● **Task objective**:
Skip every image and restate the data word for word.

● **Dataset section**:

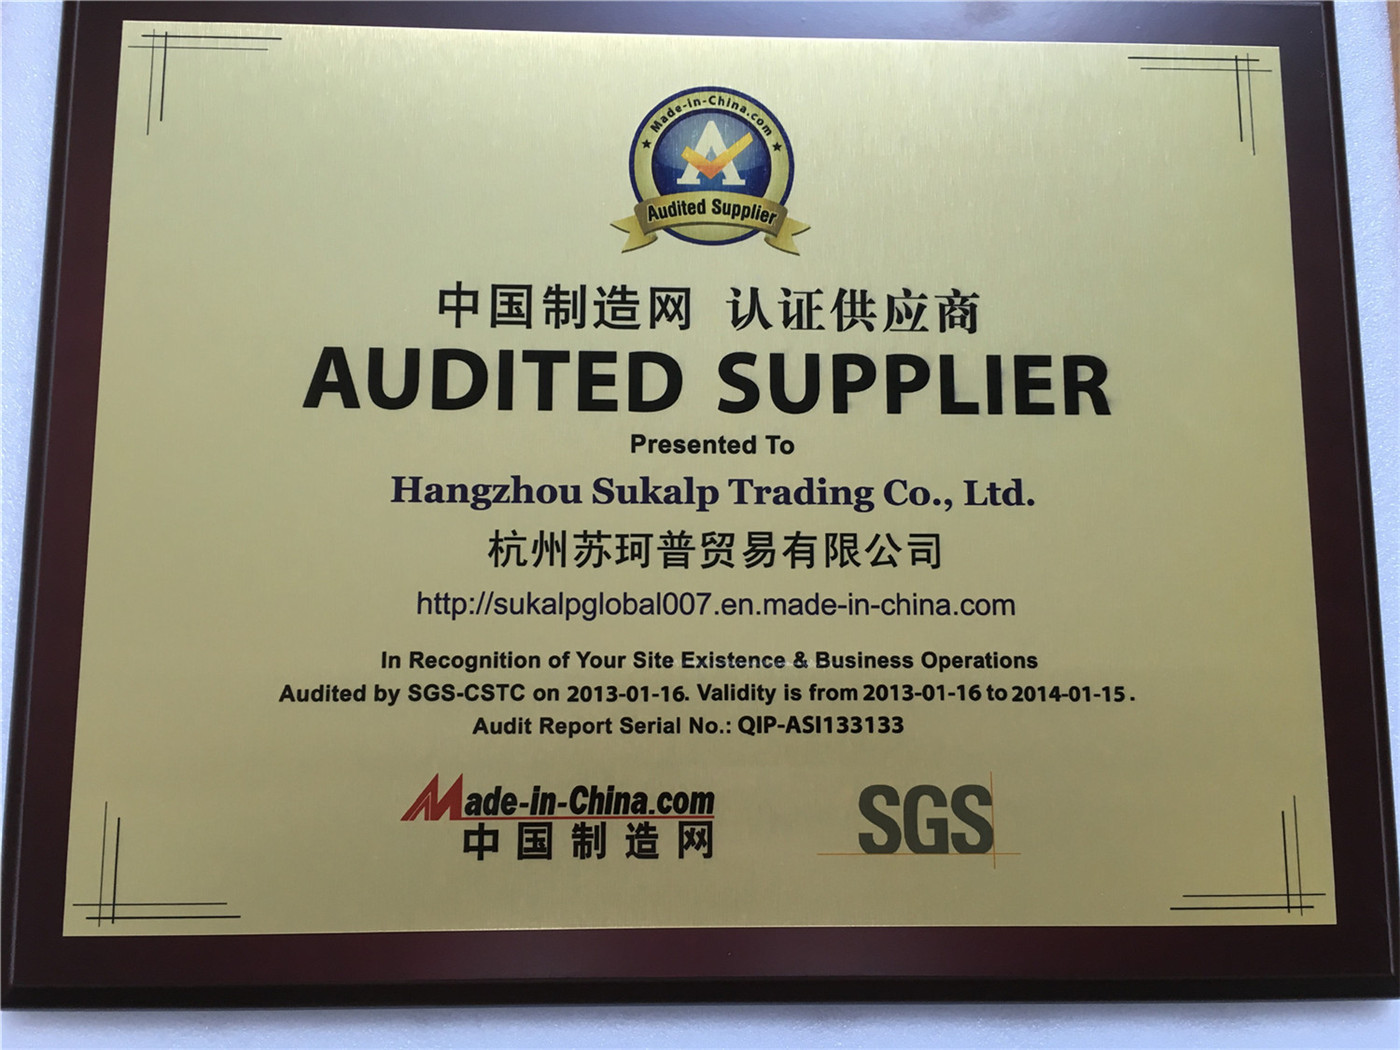 HangZhou Sukalp Trading Co., Ltd
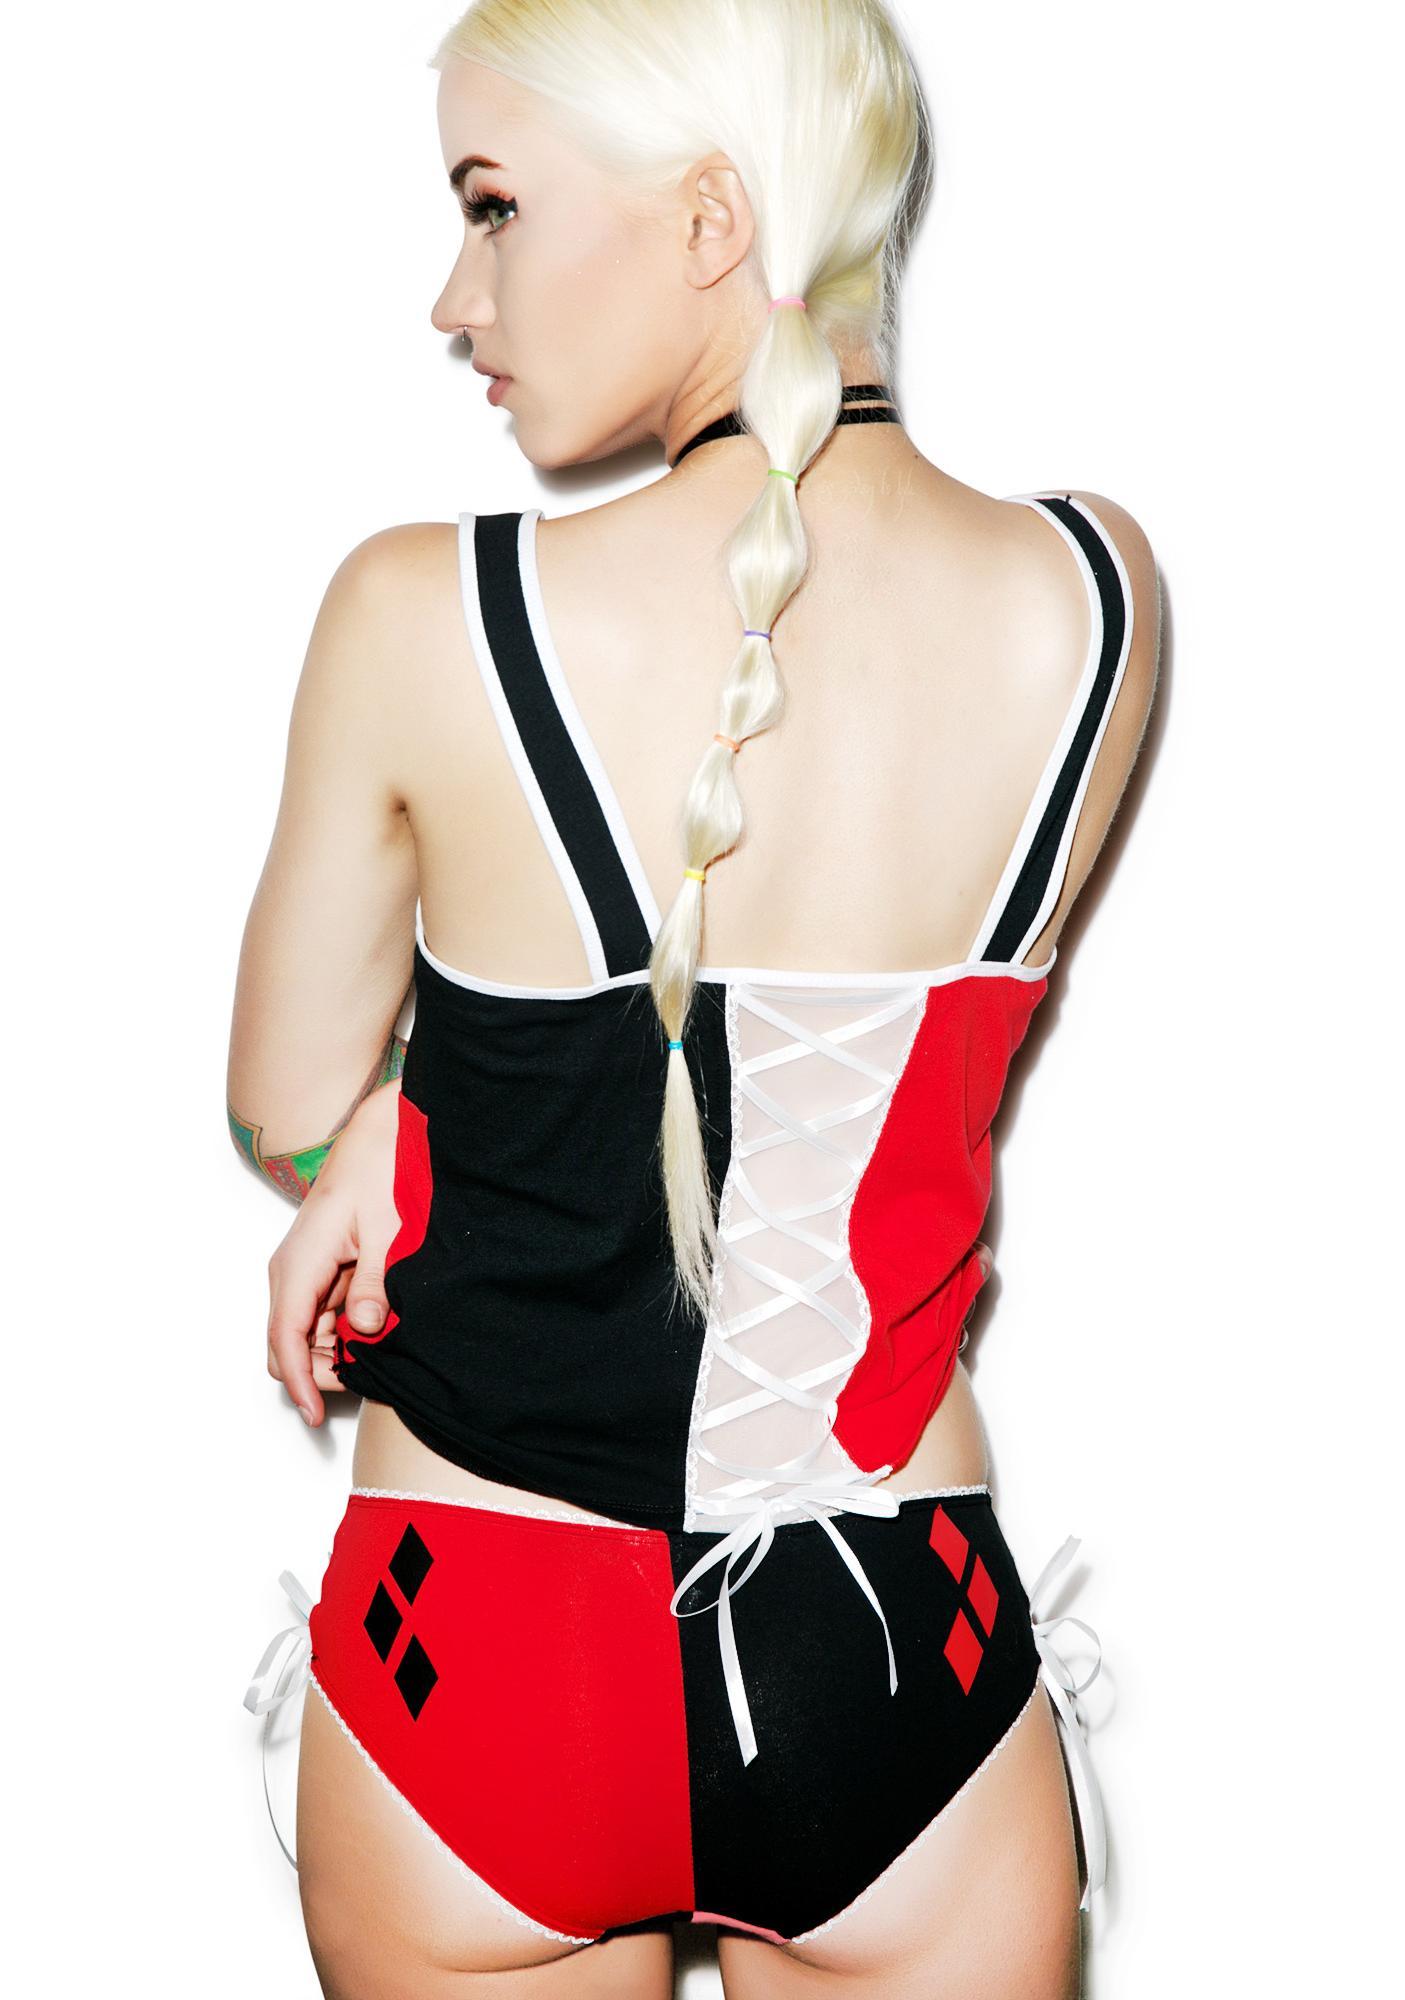 Undergirl Harley Quinn Lace Back Set
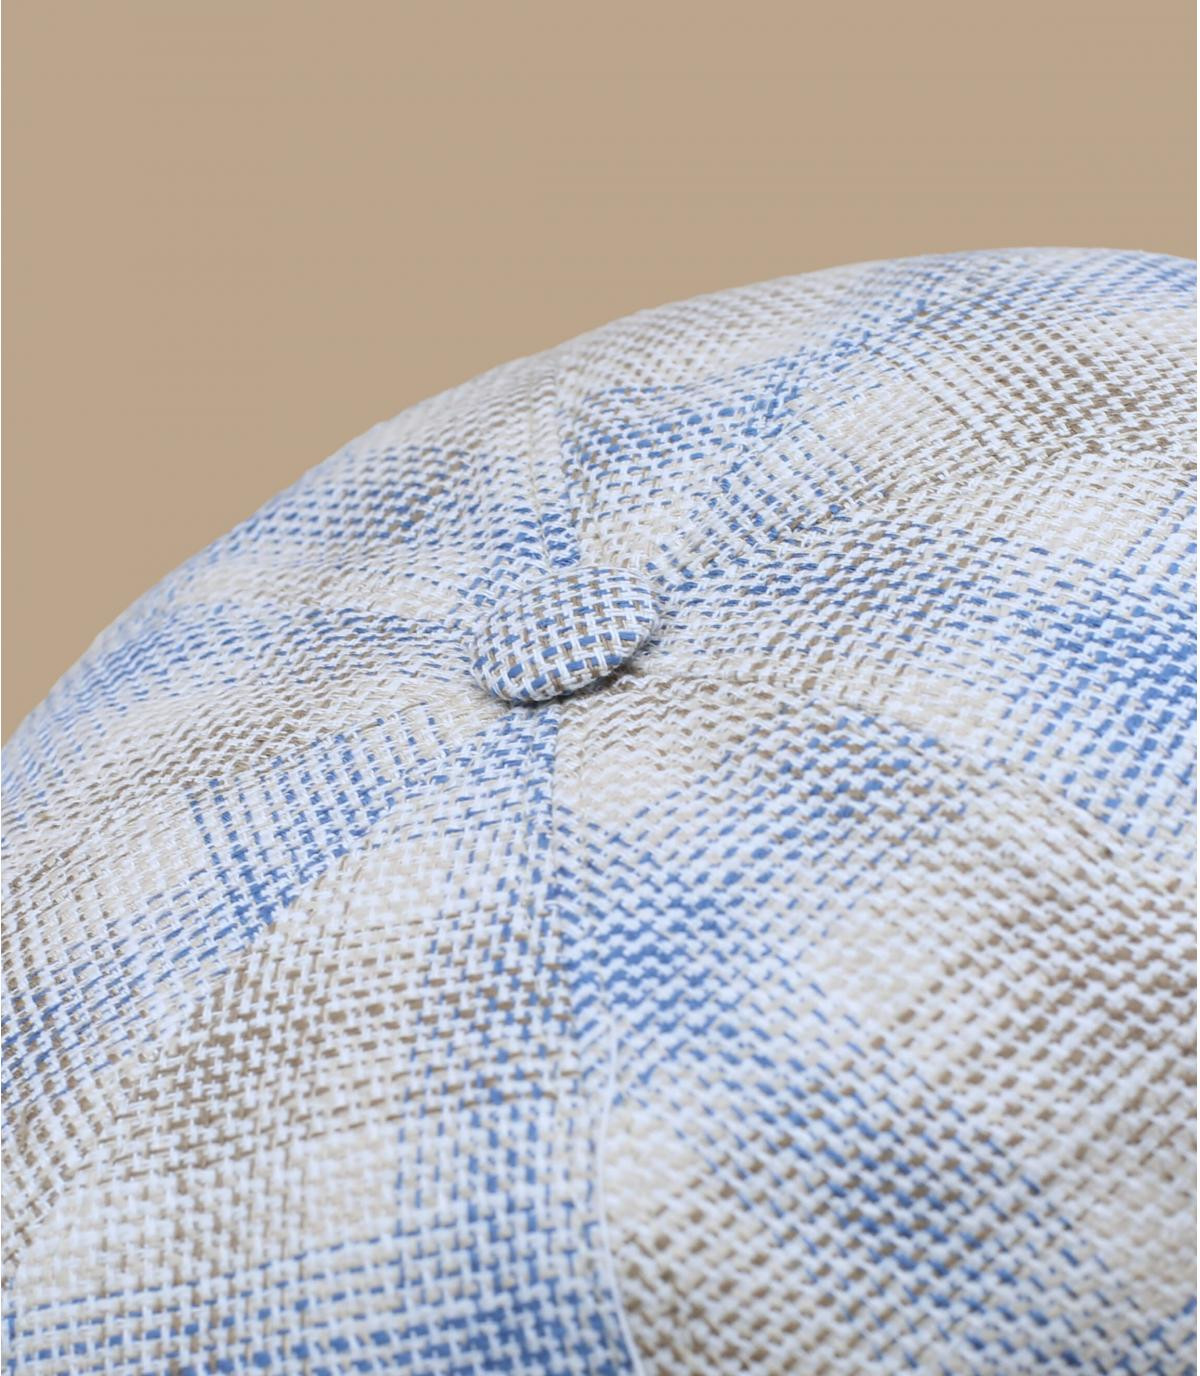 Detalles Staffy Cohiba beige blue imagen 2
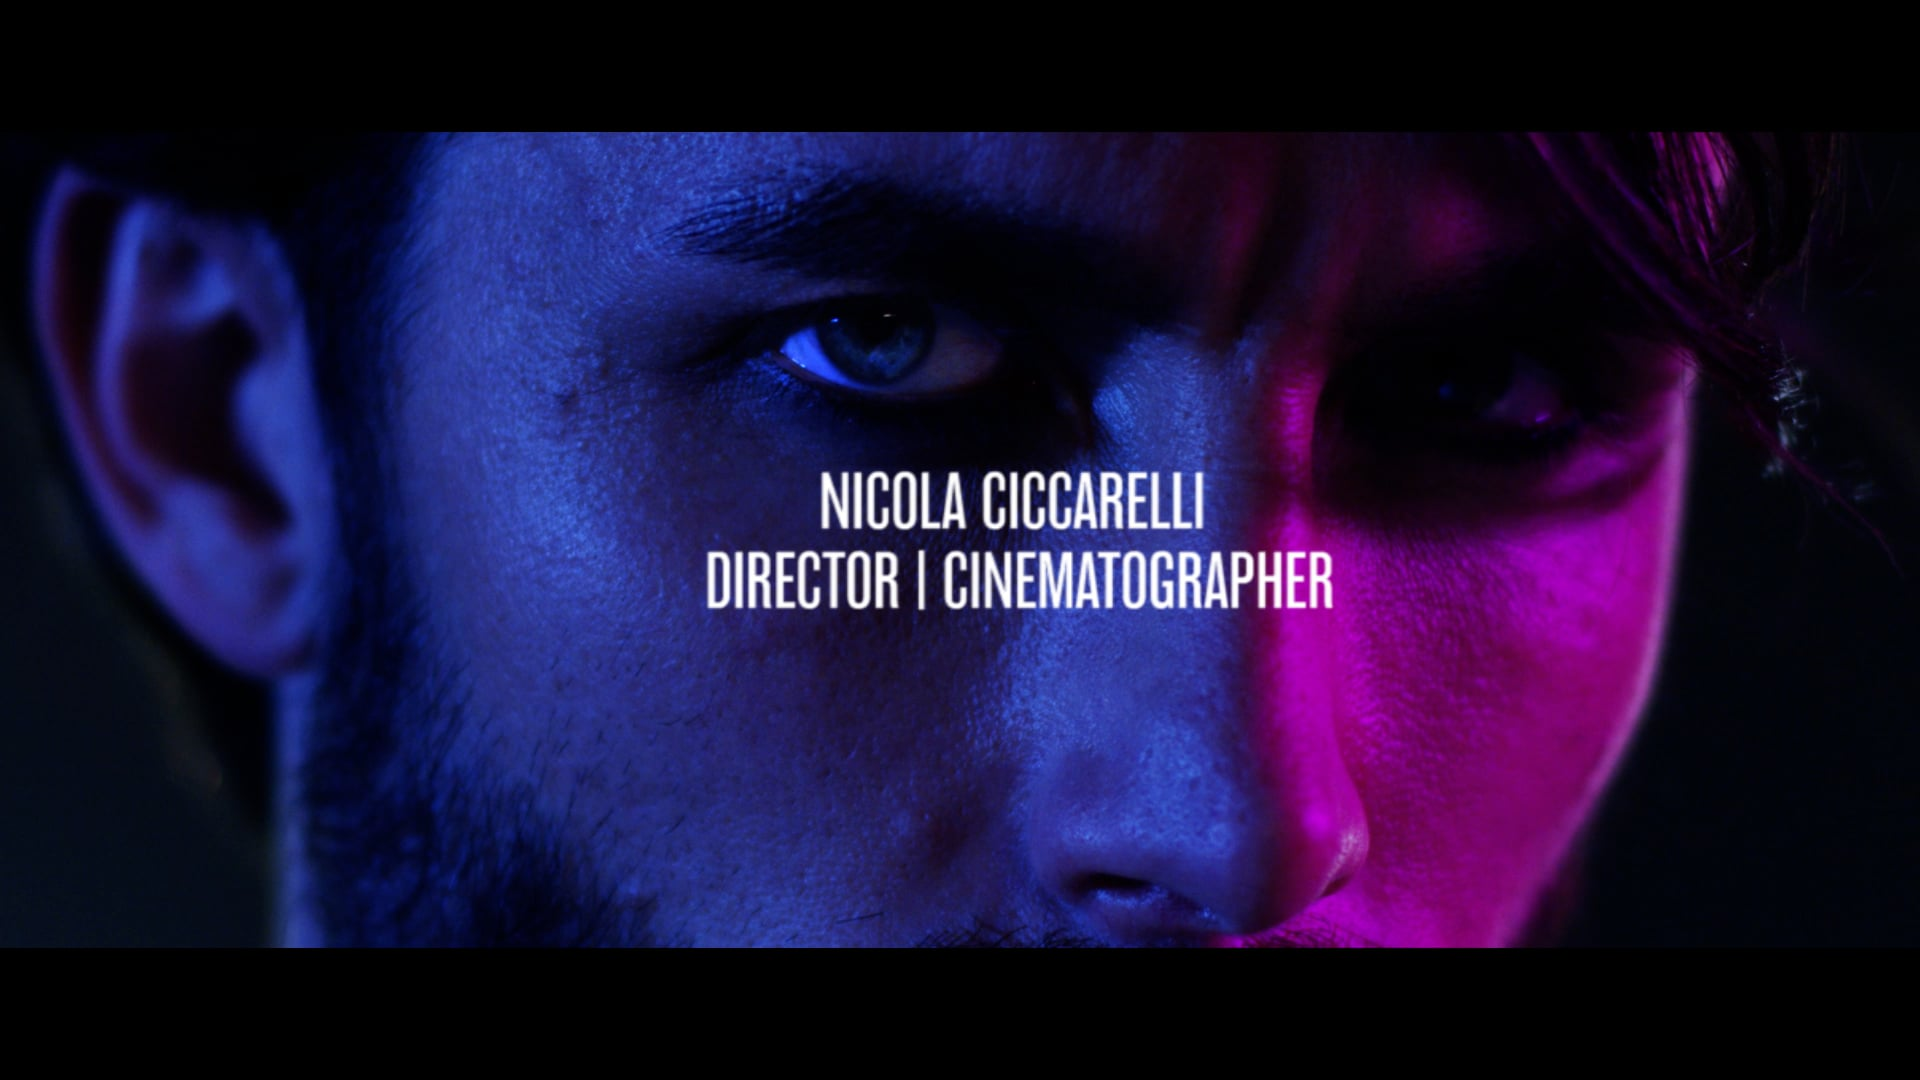 Nicola_Ciccarelli_Director|Cinematographer

● **Solved problem**:
 HangZhou Sukalp Trading Co., Ltd
 Undergirl Harley Quinn Lace Back Set
 Detalles Staffy Cohiba beige blue imagen 2
 Nicola_Ciccarelli_Director|Cinematographer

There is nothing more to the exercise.